Make a custom ontology file that contains 4 categories (test3_ontology.txt):

(curator=me)(type=custom)

1 = cat1

2 = cat2 [isa: 1 ]

3 = cat3 [isa: 1 ]

4 = cat4 [isa: 3 ]

and an annotation file like this (test3_annotation.txt):

(species=weird)(type=custom)(curator=me)

gene1 = 2

gene2 = 2

gene3 = 2

gene4 = 2

gene5 = 2

gene6 = 4

gene7 = 4

gene8 = 4

gene9 = 4

gene10 = 4

So basically you’ve defined two clusters of 5 nodes that are completely interconnected (nodes 1-5 and 6-10), with different annotations (2 and 4 respectively). Two unknown genes, 11 and 12, are linked to the first and second cluster, respectively. Specify the custom files you just made in the right dropdown boxes under Custom... , and set the other settings as in the figure below. Notice that nothing is specified in the Start categories box, this means that we want to take into account all genes as potential candidates. Press Start...

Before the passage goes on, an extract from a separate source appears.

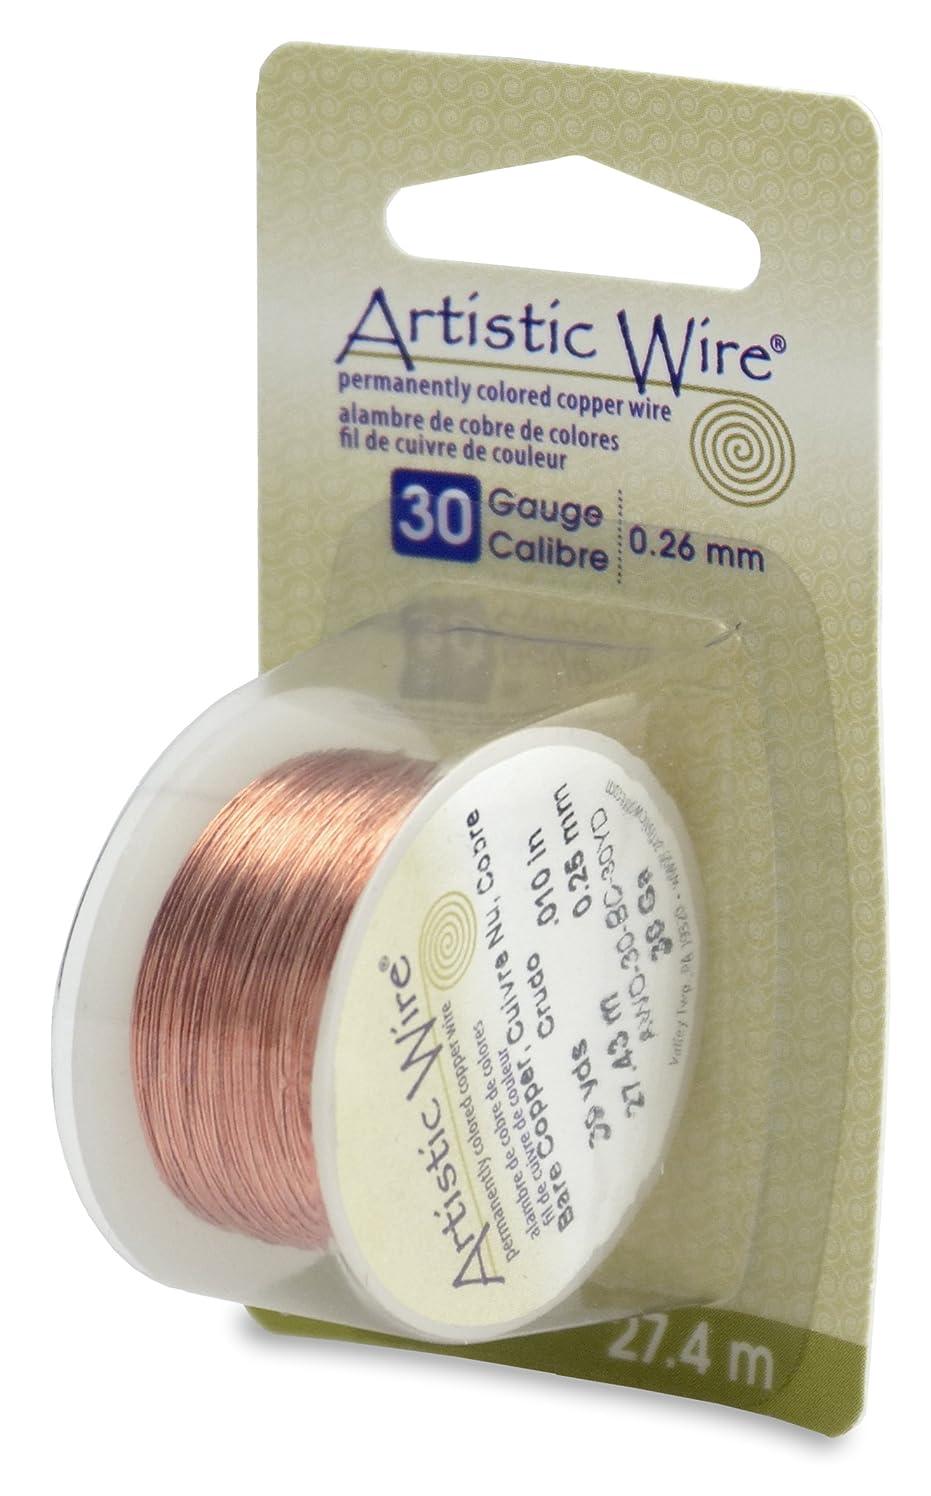 Beadalon Artistic, 30 Gauge, Bare Copper, 30 yd (27.4 m) Craft Wire,
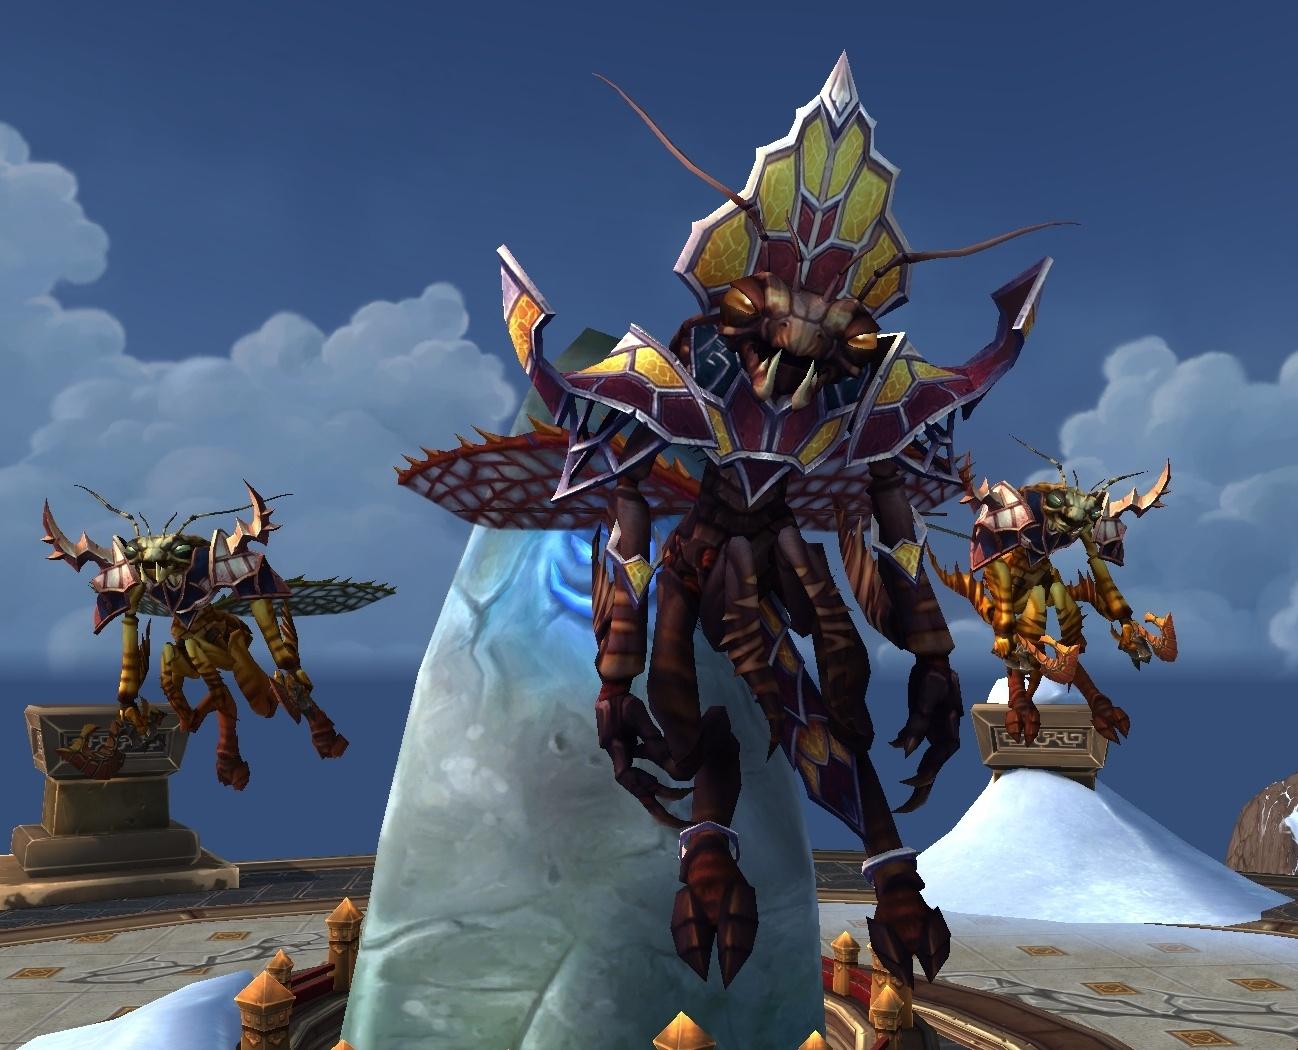 DNT] Credit - Mantid Ambush Defeated - NPC - World of Warcraft

You’ll get the following result. A PiNGO network calculated from custom network files has its own visual style (called PiNGO Style for <network name> in Cytoscape’s Vizmapper), mapping attributes such as p-values and number of genes belonging to the target GO category in the neighborhood of a candidate gene to the color and the size of the nodes, respectively. Uncolored nodes are nodes that are annotated to the Target GO category and that are linked to a newly discovered candidate gene in the original network. Colored nodes represent candidate genes that are predicted to be associated to the target GO category at the chosen significance level. In case multiple p-values are calculated for a given node, e.g. for different target categories or different subcategories of a target category, the color of the node corresponds to the minimum (most significant) p-value obtained. More significant p-values give rise to more orange colored nodes (see also the Color Legend panel). In this case, node 11 is the only candidate gene discovered, as expected. Notice the star topology of the output: we’ve chosen the option Star network which does not display network connections between neighbors of candidate genes. If you'd like another layout, e.g. hierarchical, select the corresponding option from the Cytoscape Visualization menu.

Step 2

Now fill in 3 as a Target GO category and leave the Start Filter GO category field blank. PiNGO will now consider genes already annotated to category 3 as potential target genes. Press Start... Genes 6-10 are predicted to be part of cat3 and cat4. Note that the whole cluster was originally annotated to cat4 and cat4 is a subcategory of cat3, so all of them are annotated to cat3 as well in the original annotation, since annotations propagate upwards through the hierarchy. However, this has no influence on the results since the annotation of the candidate genes themselves is not taken into account while making predictions. Gene 12 is also predicted to be part of cat4, as expected.